Reputation: 13556
I have a requirement that says a name must not start with 3 identical letters ignoring their case. A name starts with an upper case letter followed by lower case letters.
Basically I could convert the whole name to upper case and then match with a regex like (\p{Lu})\1{3,}.*
.
But I was wondering if there exists a regex that matches the above requirements and does not need any preprocessing of the string to be matched. So what regex can I use to match strings like Aa
, Dd
or Uu
without explicitly specifiying any possible combination?
EDIT:
I accepted Markos answer. I just needed to fix it to work with names of length 1 and two and anchor it at the beginning. So the actual regex for my use case is ^(\p{Lu})(\p{Ll}?$|(?=\p{Ll}{2})(?i)(?!(\1){2}))
.
I also upvoted the answers of Evgeniy and sp00m for helping me to learn a lesson in regexes.
Thanks for your efforts.
Upvotes: 7
Views: 3247
Reputation: 1580
It might make sense here to use separate checks for the different requirements, especially since requirement lists tend to grow over time.
Your requirements as described are:
A name must not start with 3 identical letters ignoring their case
and
A name starts with an upper case letter followed by lower case letters.
Performing a separate check for each (as described in the other posts) also allows you to give the user proper error messages describing what is actually wrong. And it's certainly more readable.
Upvotes: 0
Reputation: 200148
I admit to rising on the shoulders of giants (the other posters here), but this solution actually works for your use case:
final String[] strings = { "Aba", "ABa", "aba", "aBa", "Aaa", "Aab" };
final Pattern p = Pattern.compile("(\\p{Lu})(?=\\p{Ll}{2})(?i)(?!(\\1){2})");
for (String s : strings) System.out.println(s + ": " + p.matcher(s).find());
Now we have:
Output:
Aba: true ABa: false aba: false aBa: false Aaa: false Aab: true
Upvotes: 3
Reputation: 92976
Evgeniy Dorofeev solution is working (+1), but it can be done simpler, using only a lookahead
(\\p{Lu})(?=\\p{Ll})(?i)\\1
(\\p{Lu})
matches a uppercase character and stores it to \\1
(?=\\p{Ll})
is a positive lookahead assertion ensuring that the next character is a lowercase letter.
(?i)
is an inline modifier, enabling case independent matching.
\\1
matches the uppercase letter from the first part (but now case independent because of the modifier in front).
Test it:
String[] TestInput = { "foobar", "Aal", "TTest" };
Pattern p = Pattern.compile("(\\p{Lu})(?=\\p{Ll})(?i)\\1");
for (String t : TestInput) {
Matcher m = p.matcher(t);
if (m.find()) {
System.out.println(t + " ==> " + true);
} else {
System.out.println(t + " ==> " + false);
}
}
Output:
foobar ==> false
Aal ==> true
TTest ==> false
Upvotes: 2
Reputation: 469
I have a requirement that says a name must not start with 3 identical letters ignoring their case.

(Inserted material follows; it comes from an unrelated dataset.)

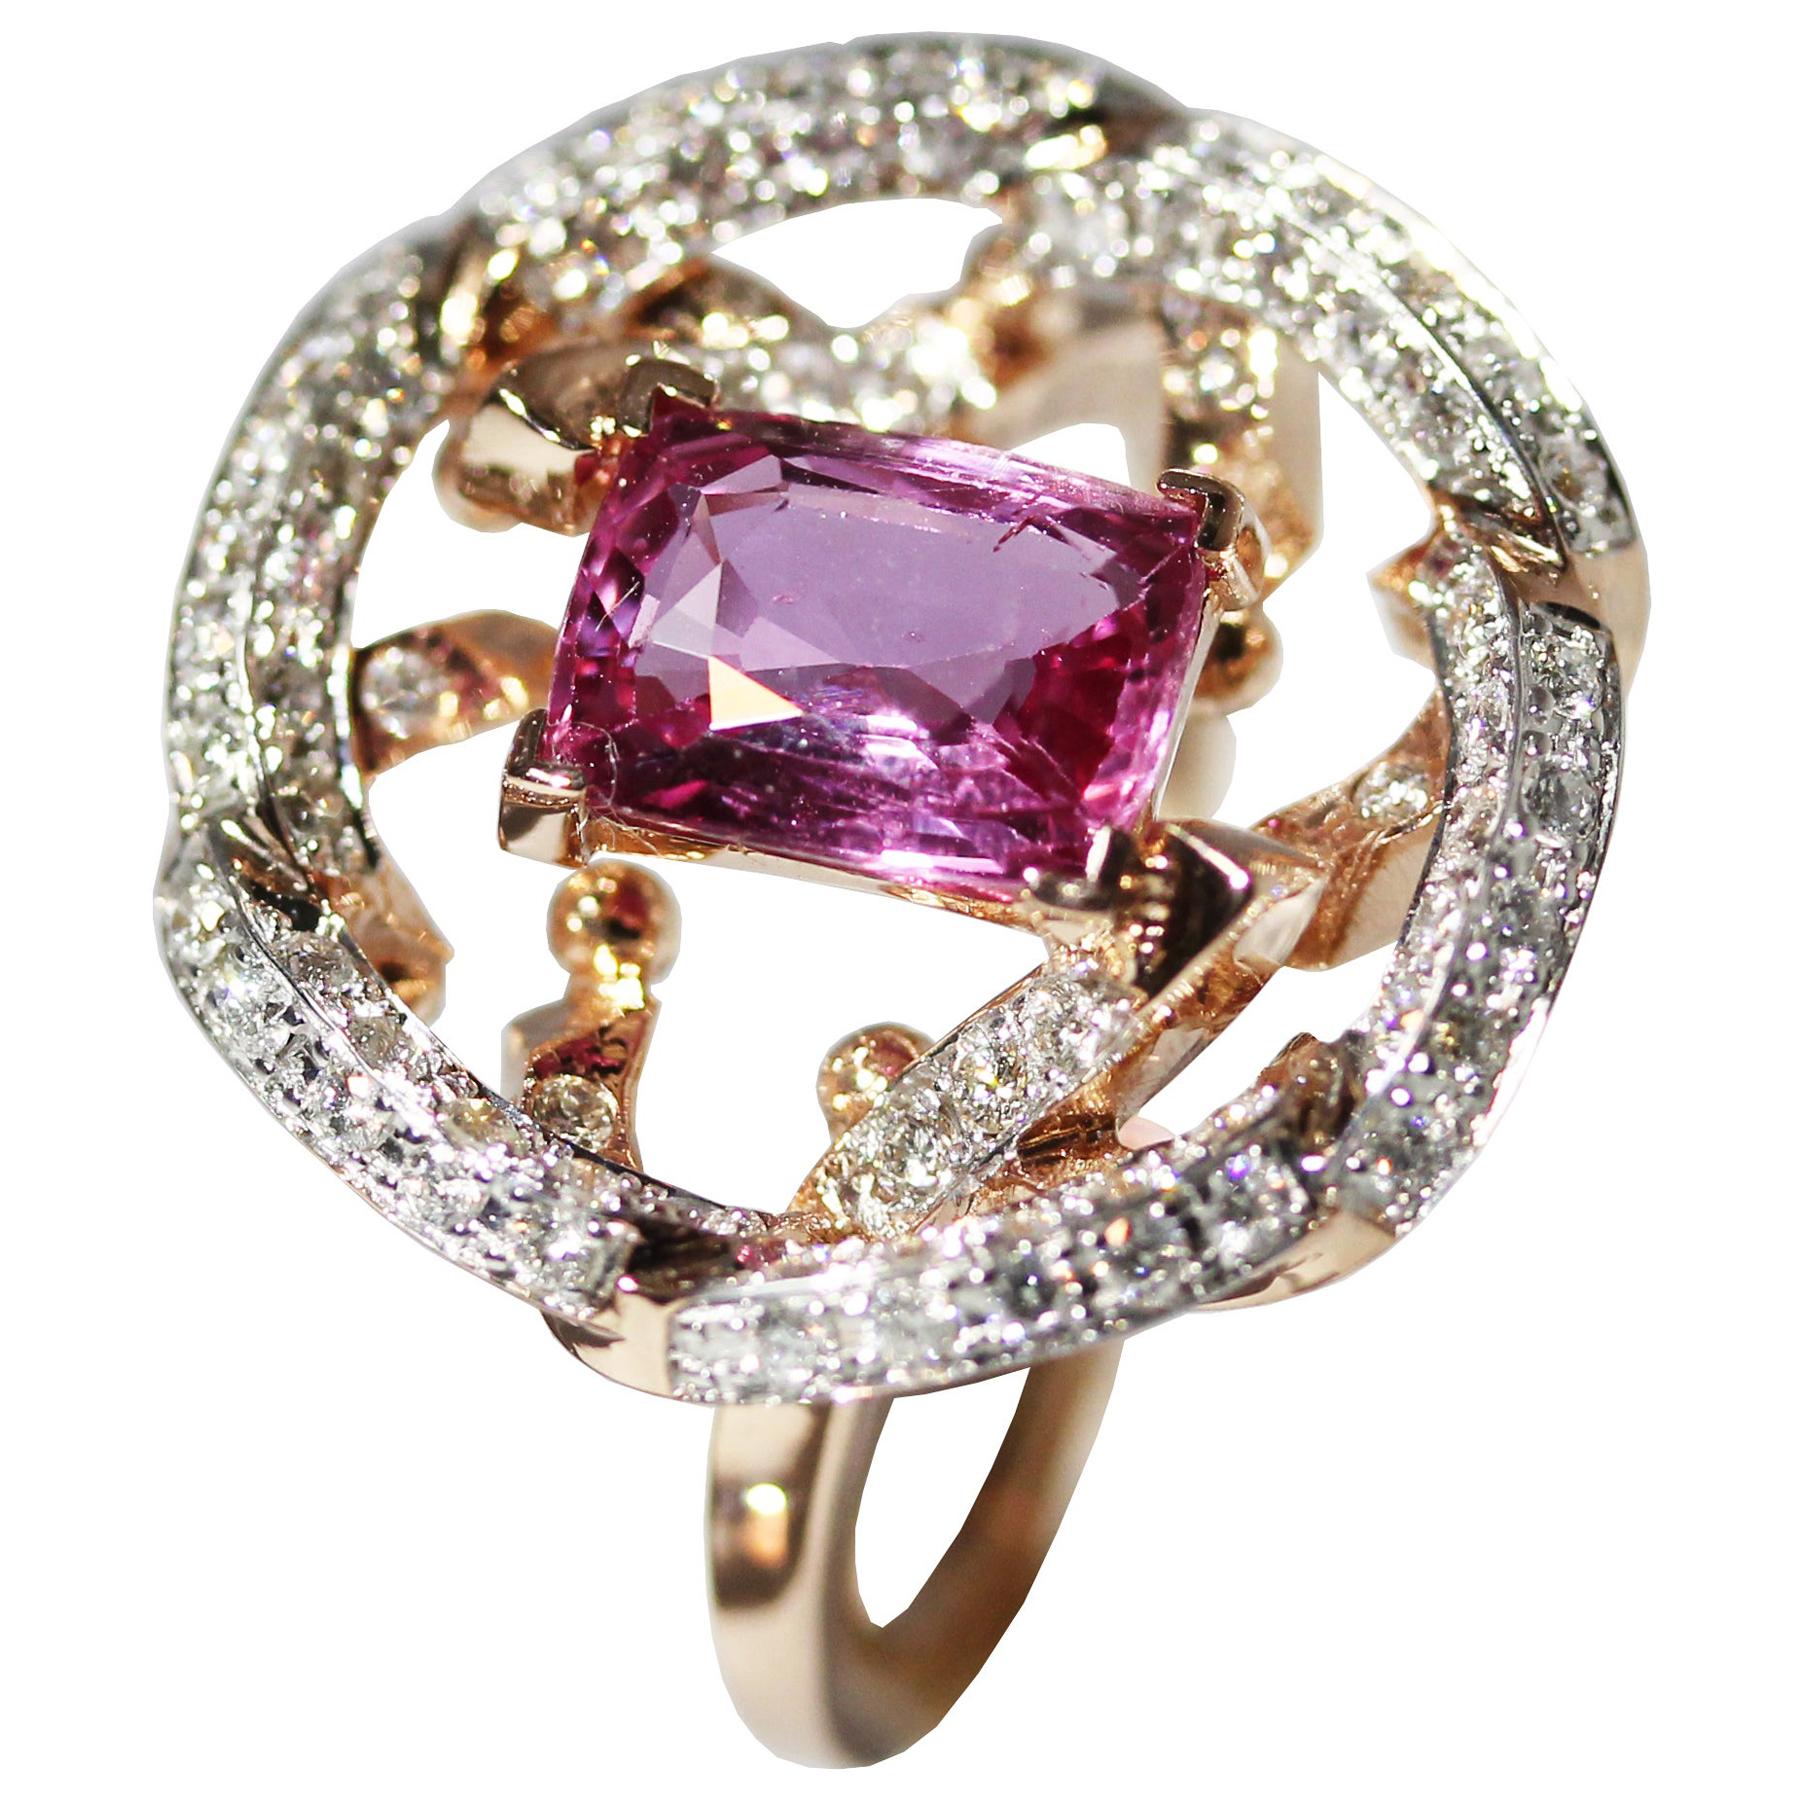 MAIKO NAGAYAMA 1.96 Carat Natural Pink Sapphire and Diamond Cocktail Ring For Sale

You should use the case-insensitive option: (?i)
and the "catch-all" \w
e.g.: (?i)(\w)\1{2,}.*
or just [a-z]
e.g.: (?i)([a-z])\1{2,}.*
Upvotes: 1
Reputation: 48807
This matches any uppercased letter followed by the same letter, uppercased or not:
([A-Z])(?i)\1
This matches any uppercased letter followed by the same letter, but necessarily lowercased:
([A-Z])(?!\1)(?i)\1
For example in Java,
String pattern = "([A-Z])(?!\\1)(?i)\\1";
System.out.println("AA".matches(pattern));
System.out.println("aa".matches(pattern));
System.out.println("aA".matches(pattern));
System.out.println("Aa".matches(pattern));
Prints
false
false
false
true
Upvotes: 2
Reputation: 135992
try
String regex = "(?i)(.)(?=\\p{javaLowerCase})(?<=\\p{javaUpperCase})\\1";
System.out.println("dD".matches(regex));
System.out.println("dd".matches(regex));
System.out.println("DD".matches(regex));
System.out.println("Dd".matches(regex));
output
false
false
false
true
Upvotes: 2